And then continuously deleting the nodes according to the node degree of the directed graph to obtain the topological ordering, wherein the topological ordering process is shown in fig. 8.
The nodes are then traversed according to the topological ordering, resulting in a transfer reduction graph as shown in fig. 9.
After the final transfer reduction graph is completed, the deleted connections, which are edges where redundant constraints can be subtracted, can be checked, as shown in fig. 10, fig. 10 illustrates a reduced directed sequence graph, where the dashed lines are edges that can be subtracted.
The edges that can be pruned are then mapped into a set of constraint conditions, so that a redundancy filtered system of inequalities can be obtained as:
finally, 6 inequality constraints are deleted by the method, and compared with the existing general method, the method has higher applicability to the power optimization problem, and a large number of redundant constraints which cannot be identified by the general method can be identified. In an actual power system production environment, the reduction effect of the scheme is remarkable. In practical application, in the whole constraint (more than 50 ten thousand), the method can effectively delete more than 5% of redundant order constraint on average, and the calculation efficiency is improved by about 21%.
In practical application, the partial unit switching-on and switching-off constraint corresponding to the SCUC problem of one unit of six units of 24 time periods is hidden, and at the moment, the constraint which can be reduced cannot be distinguished completely by manual logic deduction.
The above is a detailed description of an embodiment of a constraint reduction method for an electric power system optimization problem provided by the present invention, and the following is a detailed description of an embodiment of a constraint reduction system for an electric power system optimization problem provided by the present invention.
For ease of understanding, referring to fig. 11, the present invention further provides a constraint reduction system for power system optimization problem, including:
the constraint reduction acquisition module 100 is configured to determine a plurality of constraint reduction to be performed based on a preset optimization problem of the power system, and construct a constraint reduction set to be performed;
the graph construction module 200 is configured to take each participation variable to be reduced and constrained as a node, and connect the nodes according to the order relation of the participation variables to construct a directed order graph;
the node topology ordering module 300 is configured to perform node topology ordering on all nodes in the directed sequence diagram according to the degree of ingress of each node in the directed sequence diagram;
and the constraint reduction module 400 is used for traversing each node in the directed sequence diagram according to the node topology sequencing result and performing redundant edge elimination processing, and performing constraint reduction on the constraint reduction set to be reduced according to the redundant edge elimination processing result.
The invention also provides electronic equipment, which comprises a processor, a communication interface, a memory and a communication bus, wherein the processor, the communication interface and the memory are communicated with each other through the communication bus;
a memory for storing a computer program;
and the processor is used for realizing the steps of the method when executing the program stored in the memory.
The invention also provides a computer readable storage medium, in which a computer program is stored, which when being executed by a processor, implements the above-mentioned method steps.
It will be clearly understood by those skilled in the art that, for convenience and brevity of description, specific working procedures of the above-described system, electronic device and computer readable storage medium may refer to corresponding procedures in the foregoing method embodiments, which are not repeated herein.
In the several embodiments provided by the present invention, it should be understood that the disclosed system, electronic device, computer readable storage medium, and method may be implemented in other ways.
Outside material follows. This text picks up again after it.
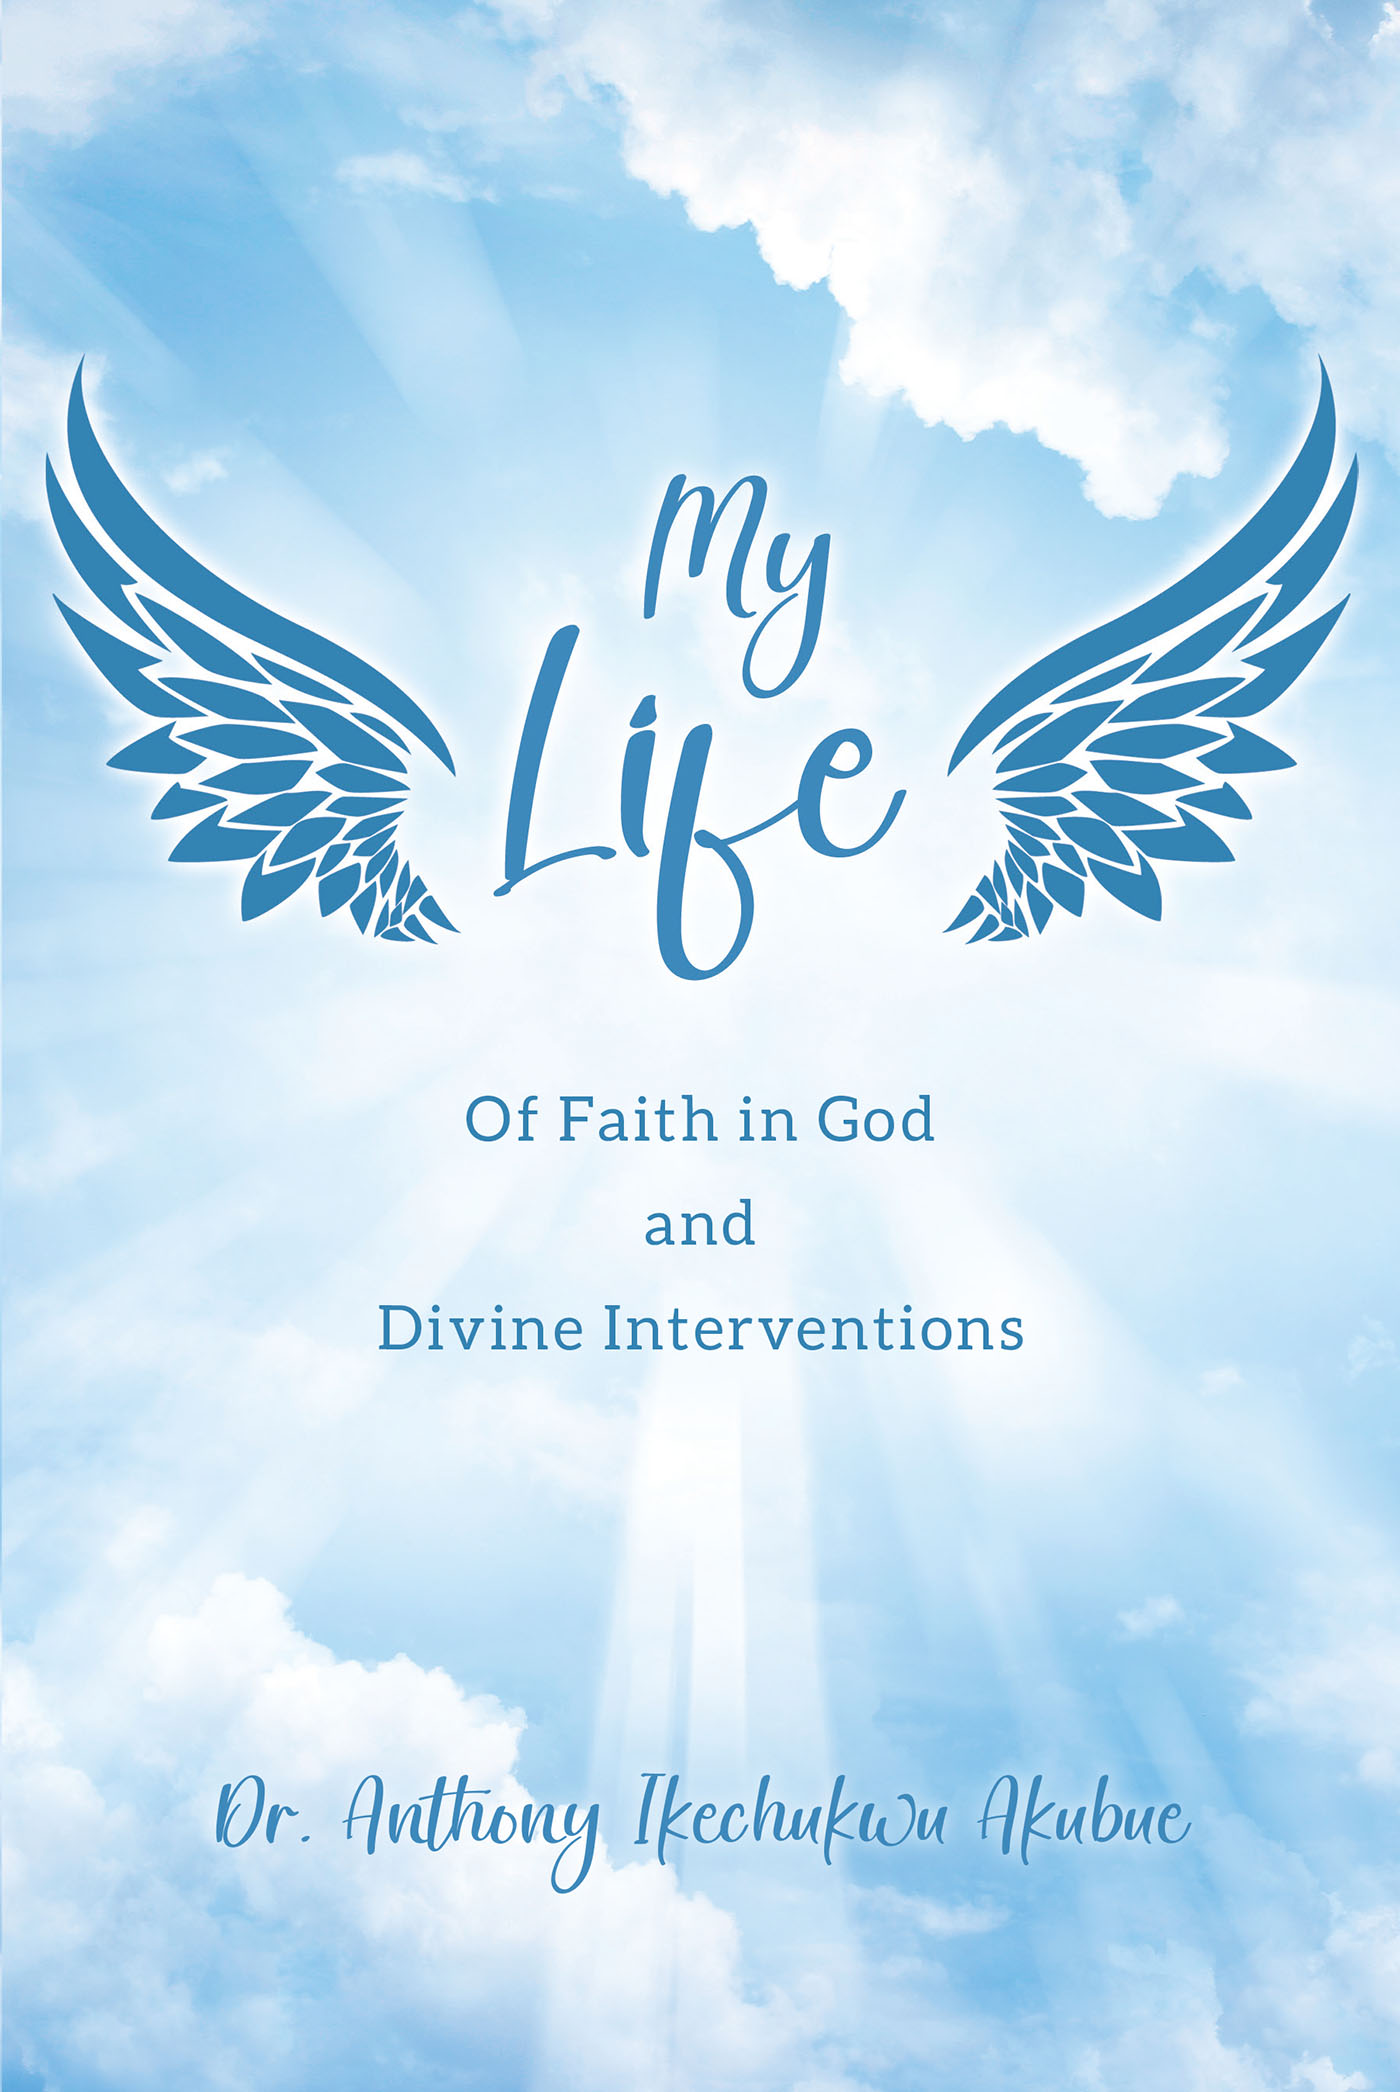 Author Dr. Anthony Ikechukwu Akubue’s New Book, “My Life: Of Faith in God and Divine Interventions,” Explores How the Author’s Life Has Been Influenced by the Lord

For example, the apparatus embodiments described above are merely illustrative, e.g., the division of modules is merely a logical function division, and there may be additional divisions of actual implementation, e.g., multiple modules or components may be combined or integrated into another system, or some features may be omitted, or not performed. Alternatively, the coupling or direct coupling or communication connection shown or discussed with each other may be an indirect coupling or communication connection via some interfaces, devices or modules, which may be in electrical, mechanical, or other forms.
The modules illustrated as separate components may or may not be physically separate, and components shown as modules may or may not be physical modules, i.e., may be located in one place, or may be distributed over a plurality of network modules. Some or all of the modules may be selected according to actual needs to achieve the purpose of the solution of this embodiment.
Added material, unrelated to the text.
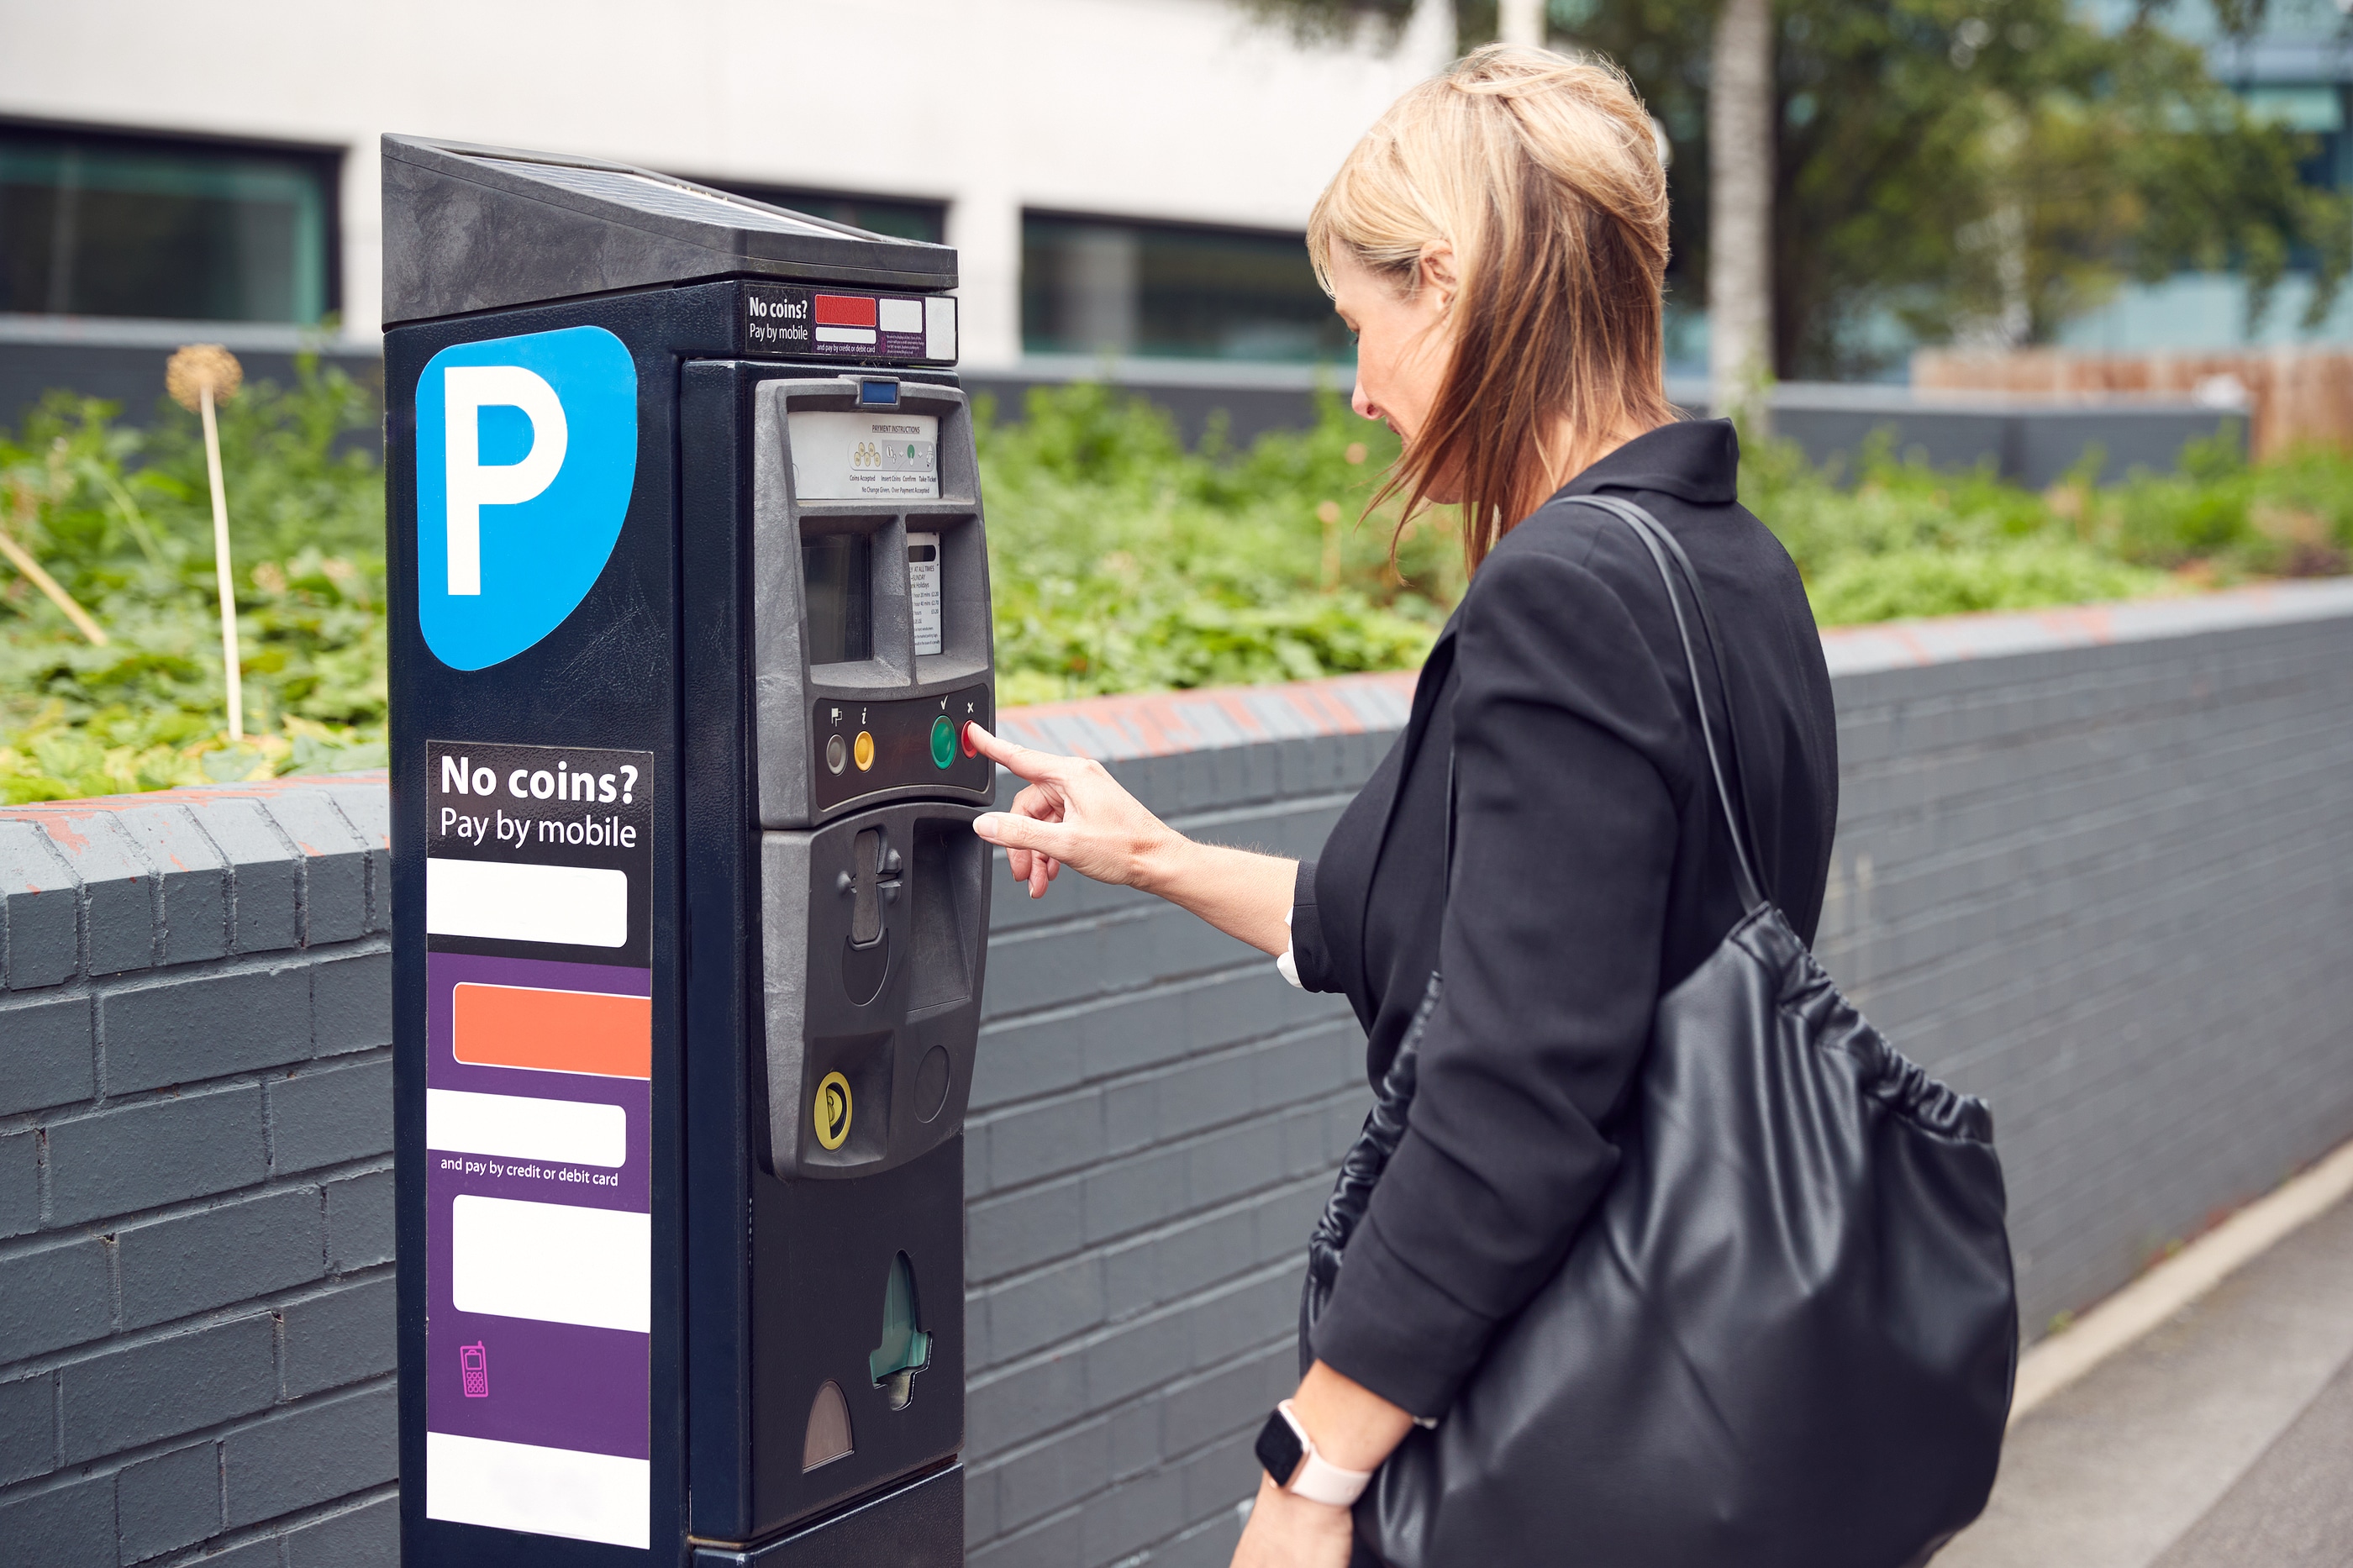 3 Tips to Save Cash on Parking

In addition, each functional module in each embodiment of the present invention may be integrated into one processing module, or each module may exist alone physically, or two or more modules may be integrated into one module. The integrated modules may be implemented in hardware or in software functional modules.
The integrated modules, if implemented in the form of software functional modules and sold or used as a stand-alone product, may be stored in a computer readable storage medium. Based on such understanding, the technical solution of the present invention may be embodied in essence or a part contributing to the prior art or all or part of the technical solution in the form of a software product stored in a storage medium, comprising several instructions for executing all or part of the steps of the methods of the embodiments of the present invention by a computer device (which may be a personal computer, a server, or a network device, etc.). And the aforementioned storage medium includes: u disk, mobile hard disk, read-Only Memory (ROM), random access Memory (Random Access Memory, RAM), magnetic disk or optical disk, etc.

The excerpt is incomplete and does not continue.